SUPPLIED RECORDS —

*-*-*

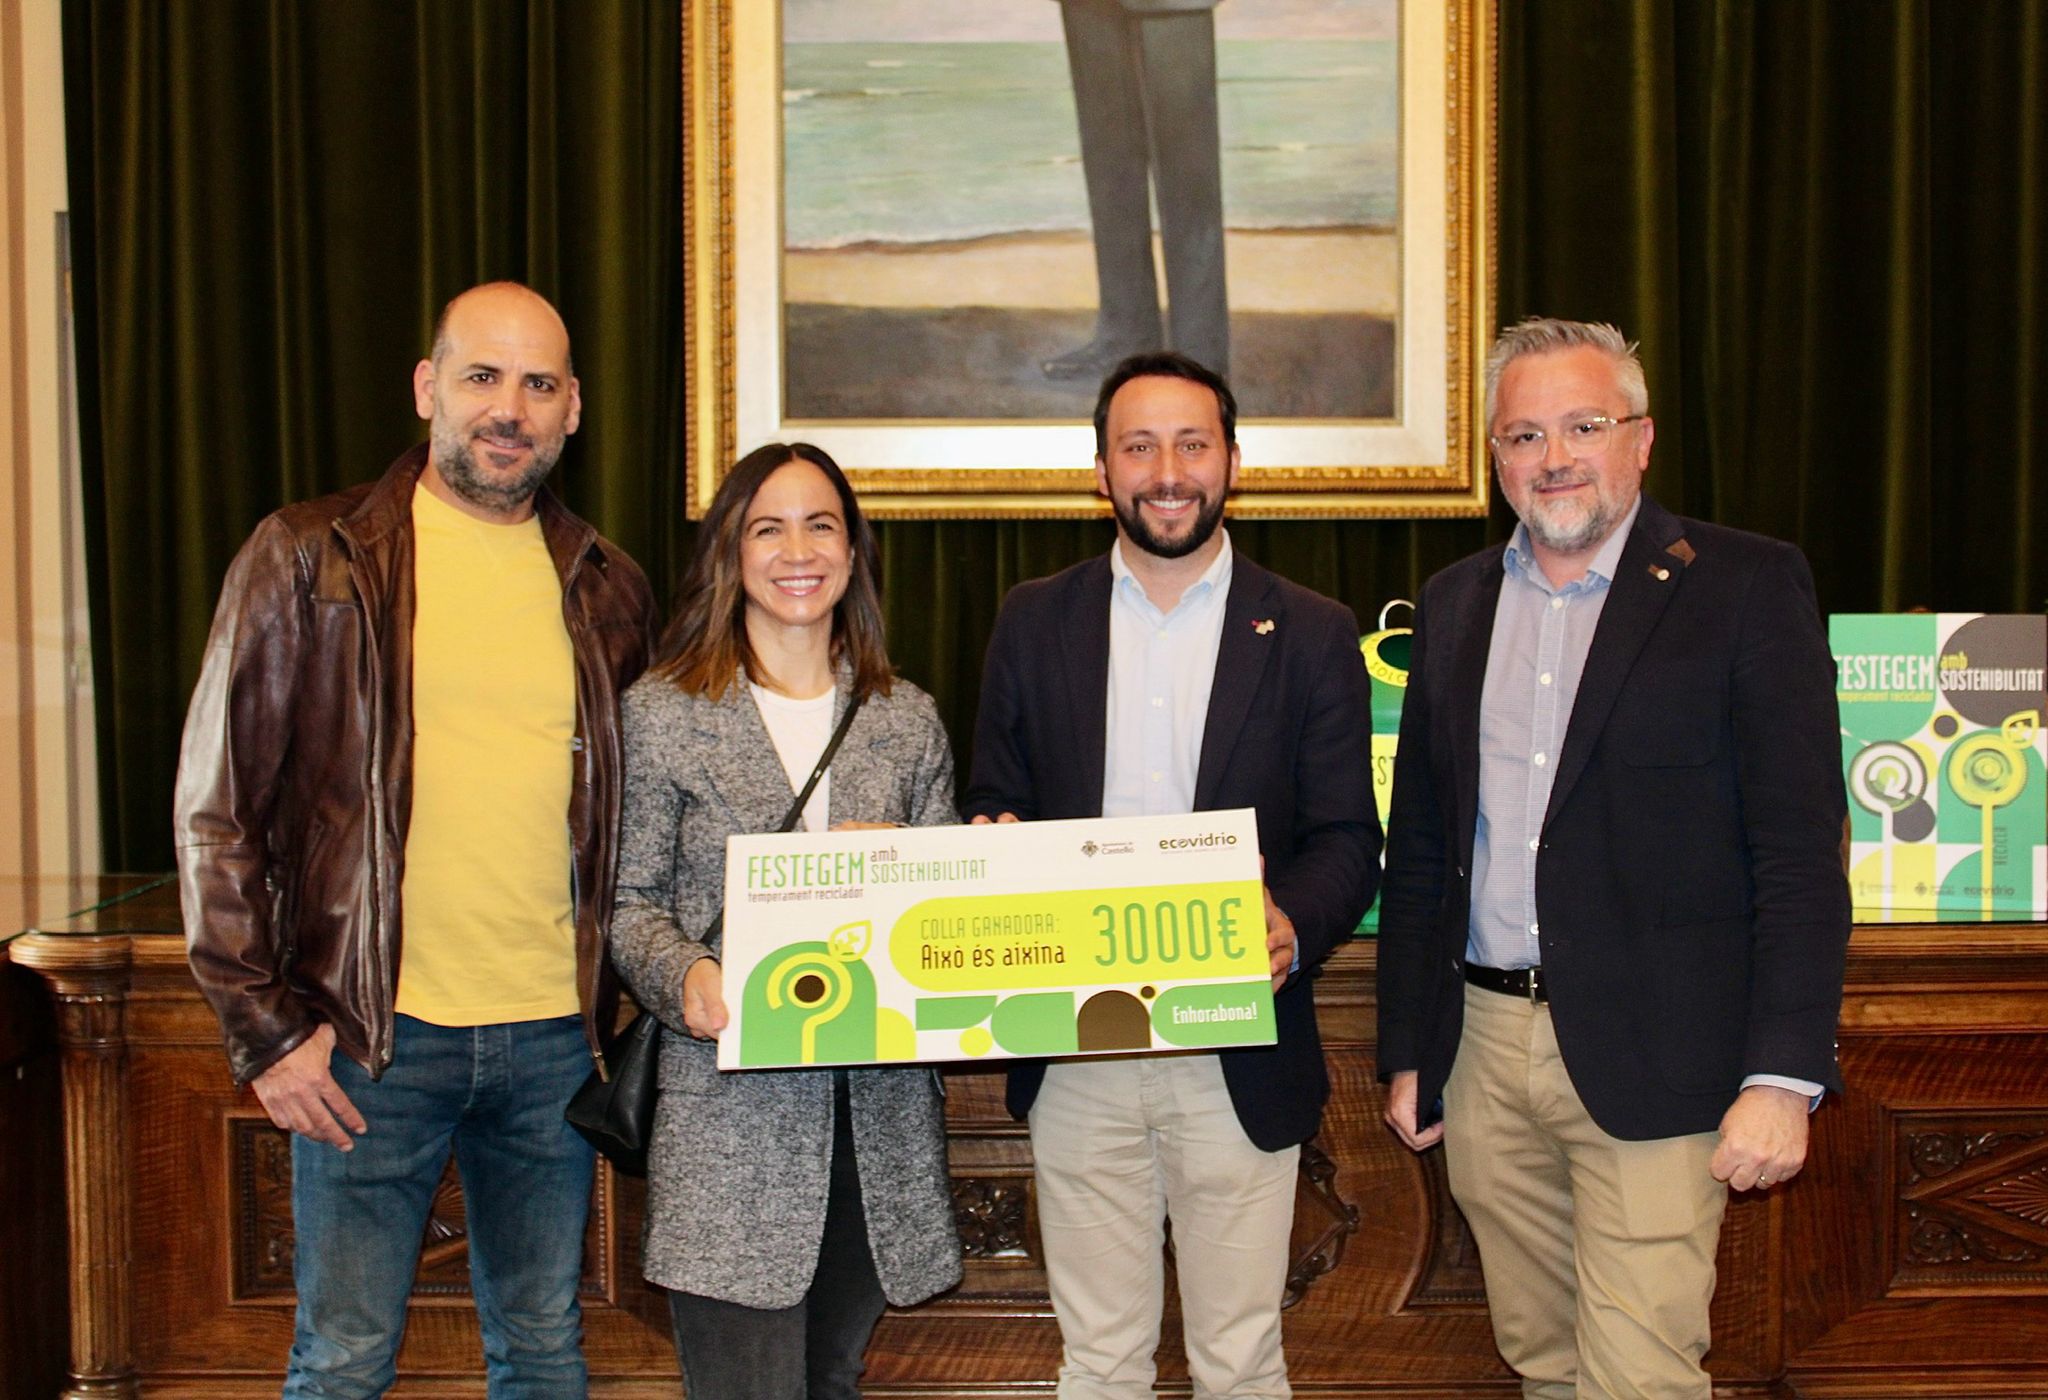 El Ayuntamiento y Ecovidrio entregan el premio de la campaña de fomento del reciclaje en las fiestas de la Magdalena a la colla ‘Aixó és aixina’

*-*-*

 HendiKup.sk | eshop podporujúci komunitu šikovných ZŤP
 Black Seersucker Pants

*-*-*

AIM OF THE EXERCISE —
Among the entries above, the line containing "HendiKup.sk | eshop", the line containing "Black Seersucker Pants", and all lines between them are to be restated word for word; nothing else belongs in the reply.

EXERCISE RESULT —
 HendiKup.sk | eshop podporujúci komunitu šikovných ZŤP
 Black Seersucker Pants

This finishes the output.